Boot Performance without JIT

{apply,{application,start_boot,[kernel,permanent]}}
{done_in_microseconds,3060058}
...

As you can see, the boot time remains comparable to JIT-enabled configuration, but memory consumption dropped by ~20% with JIT disabled.

This confirms that for our use case, JIT overhead isn’t justified by the performance gains - we’re getting significant memory savings without sacrificing startup performance.

interactive mode?
This could be more noticeable on embedded mode and large project with many modules.

Yes, interactive mode.

Agreed. This project is relatively small, so the 20% memory reduction may be more significant in larger codebases. I’ll coordinate with a colleague working on a larger project to run similar benchmarks and report back with those findings.

The current results suggest JIT overhead may not be worthwhile for smaller applications, but larger projects could show different trade-offs.

@Led appreciate your continued guidance on this investigation.

You can also use {debug_info, strip} relx’s parameter.
And strip built OTP like this:

erl -noshell -eval 'beam_lib:strip_release("/usr/local/lib/erlang", ["Attr"])' -s init stop

Got it - so {debug_info, strip} only strips debugging info from my app and its dependencies, not OTP itself.

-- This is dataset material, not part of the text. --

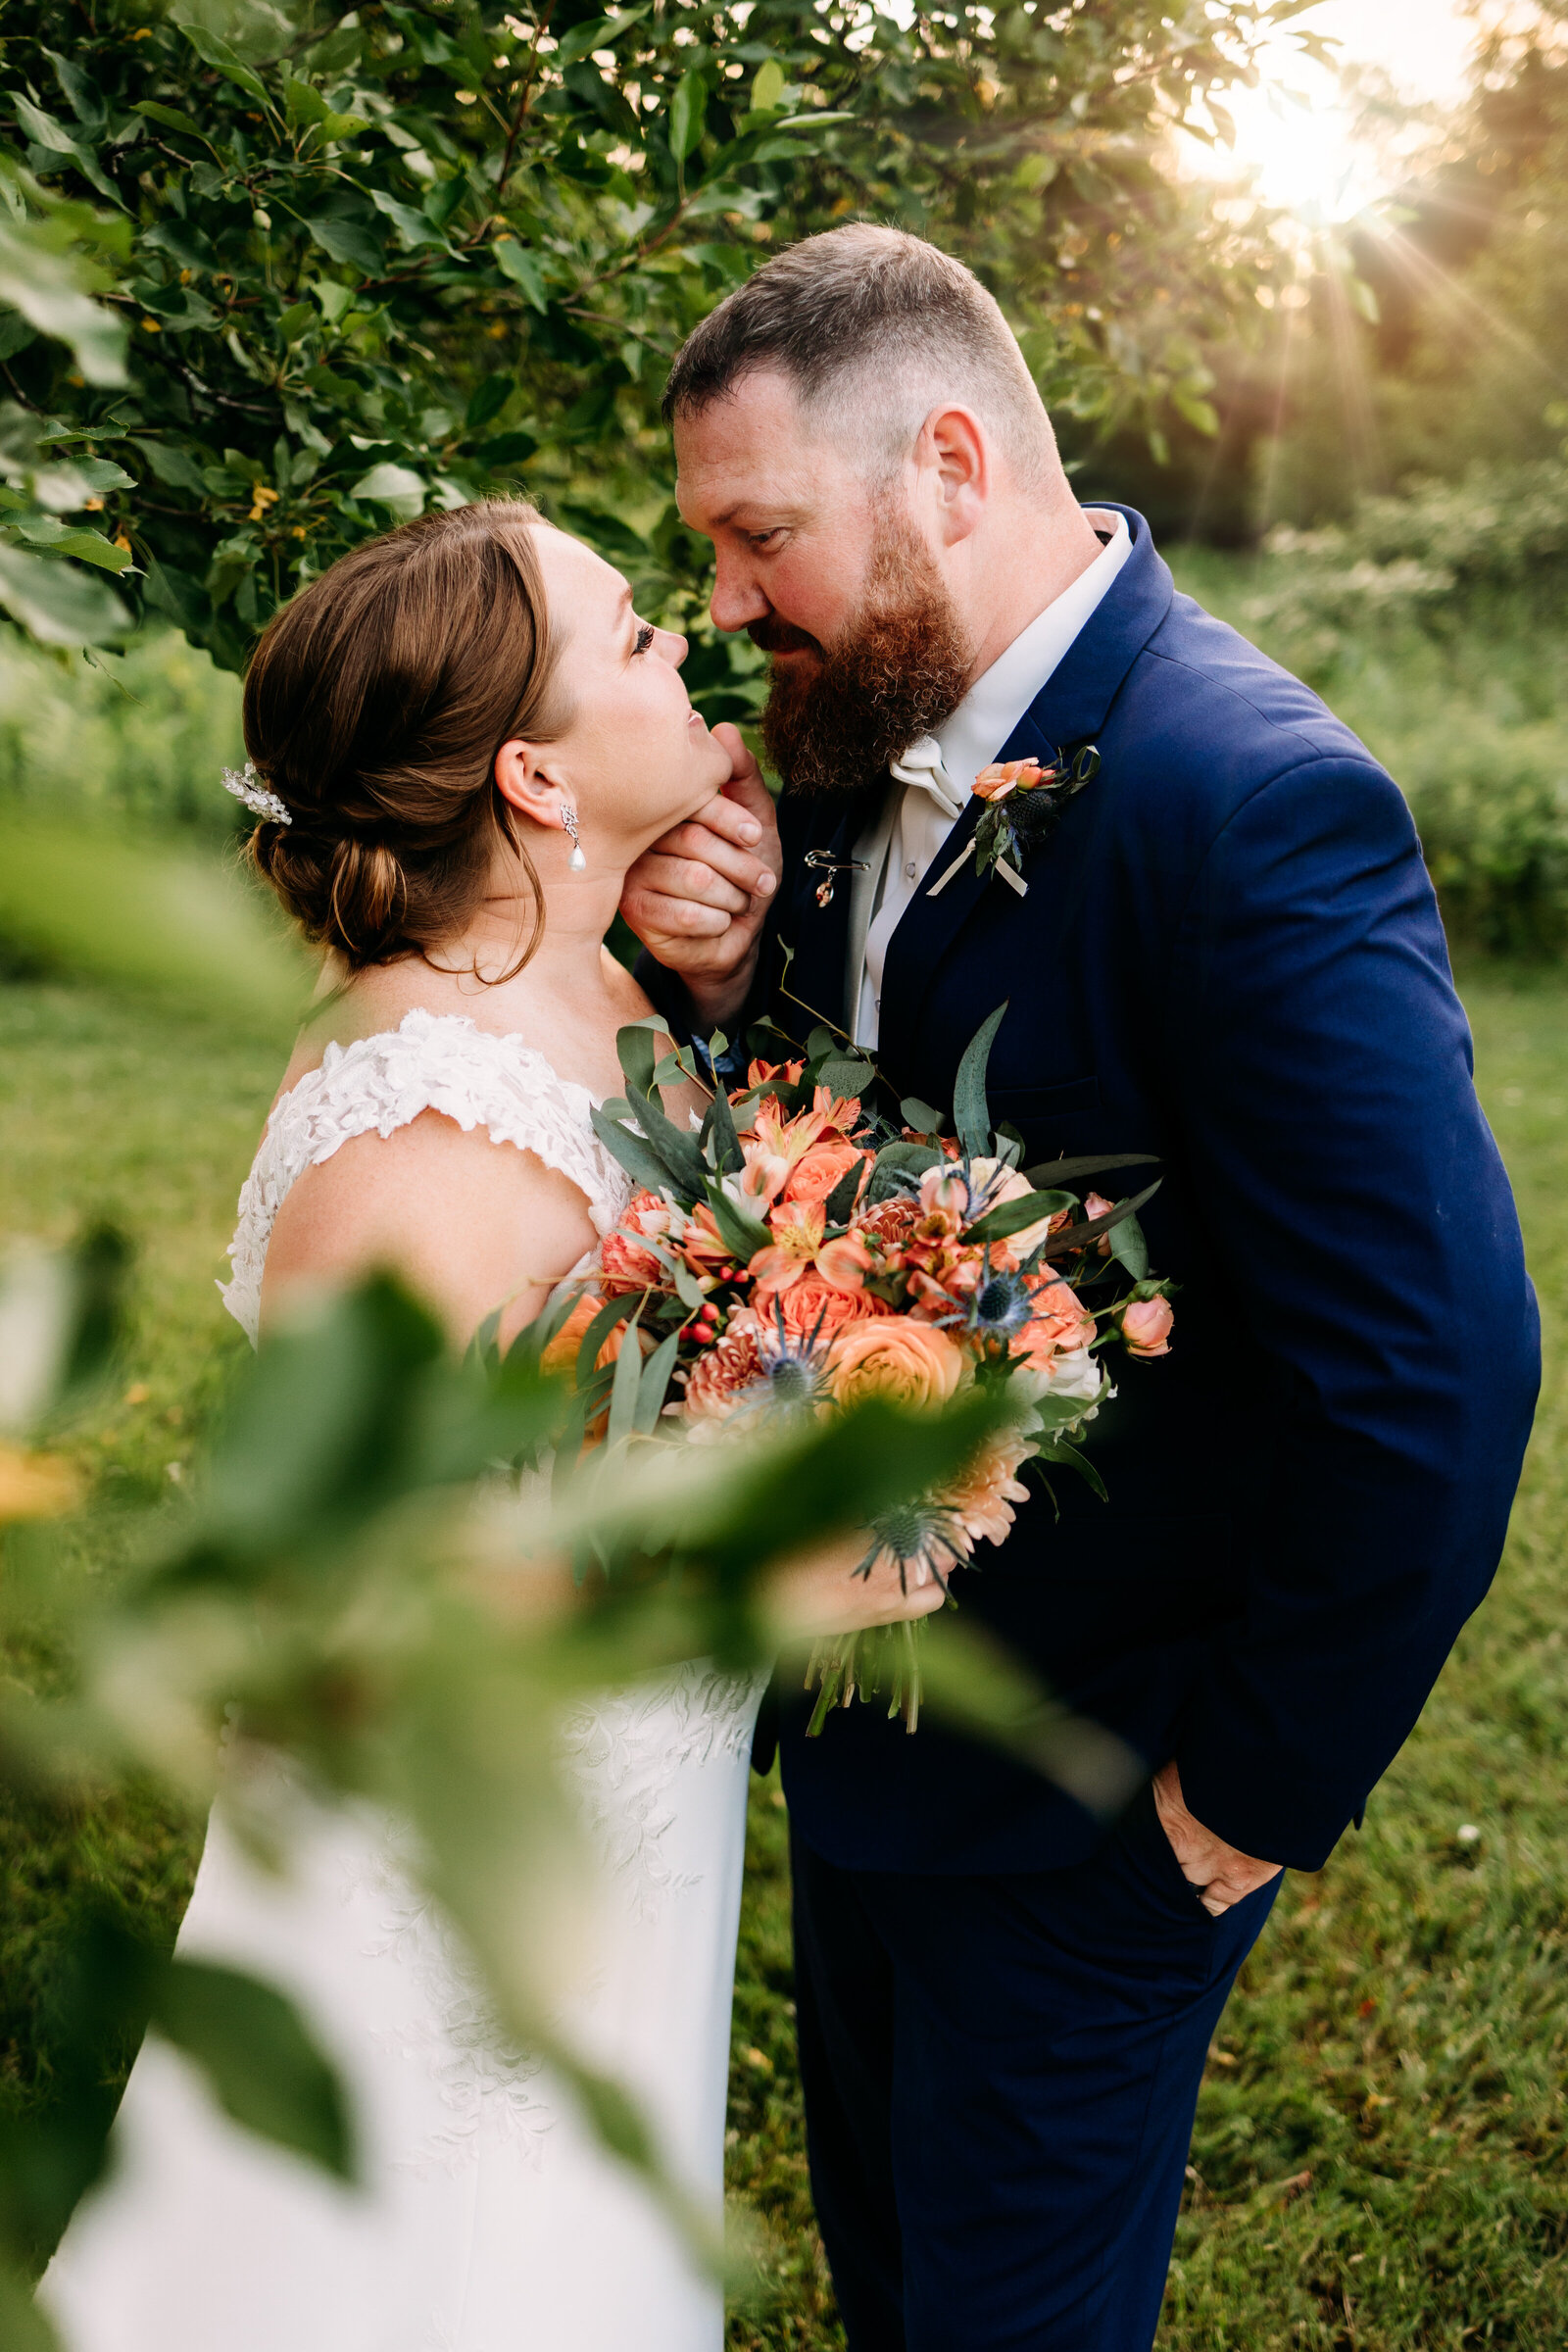 Groom tenderly pulls bride in for a kiss  ON THEIR WEDDING DAY

Would this be a correct approach instead:

$ rebar3 as prod release
$ erl -noshell -eval 'beam_lib:strip_release("_build/prod/rel/<release_name>", ["Attr"])' -s init stop

This should strip the entire release directory including the bundled OTP libraries, right?

I’m not sure. I never use bundled OTP.

I think it worked

$ ls -la /opt/erlang/28.0-no-jit/lib/kernel-10.3/ebin
-rw-r--r-- 1 zab zab  27760 May 30 18:13 application.beam
-rw-r--r-- 1 zab zab  91892 May 30 18:13 application_controller.beam
-rw-r--r-- 1 zab zab  15904 May 30 18:13 application_master.beam
-rw-r--r-- 1 zab zab   3620 May 30 18:13 application_starter.beam
-rw-r--r-- 1 zab zab  20748 May 30 18:13 auth.beam
-rw-r--r-- 1 zab zab  63676 May 30 18:13 code.beam
-rw-r--r-- 1 zab zab  61588 May 30 18:13 code_server.beam
-rw-r--r-- 1 zab zab  77336 May 30 18:13 disk_log_1.beam
...

$ ls -la _build/prod/rel/mirakle/lib/kernel-10.3/ebin/
-rw-r--r-- 1 zab zab  3962 May 30 20:25 application.beam
-rw-r--r-- 1 zab zab 20826 May 30 20:25 application_controller.beam
-rw-r--r-- 1 zab zab  4169 May 30 20:25 application_master.beam
-rw-r--r-- 1 zab zab   947 May 30 20:25 application_starter.beam
-rw-r--r-- 1 zab zab  4732 May 30 20:25 auth.beam
-rw-r--r-- 1 zab zab 11333 May 30 20:25 code.beam
-rw-r--r-- 1 zab zab 14484 May 30 20:25 code_server.beam
-rw-r--r-- 1 zab zab 15714 May 30 20:25 disk_log_1.beam
...

Really, why?

Erlang Boot Time with “tmpfs”

I tested loading the Erlang lib directory (/app/mirakle/lib) as tmpfs within Docker to eliminate disk I/O as a potential bottleneck:

docker run --tmpfs /tmp/erl_libdir:size=256M,exec \
--mount type=bind,source=/tmp/erl_libdir,target=/app/mirakle/lib mirakle

Results

Boot time remained unchanged at ~3 seconds:

{apply,{application,start_boot,[kernel,permanent]}}
{done_in_microseconds,3053565}

Conclusion

This confirms that disk I/O isn’t the limiting factor for boot performance. The bottleneck appears to be VM initialization and application loading rather than file access.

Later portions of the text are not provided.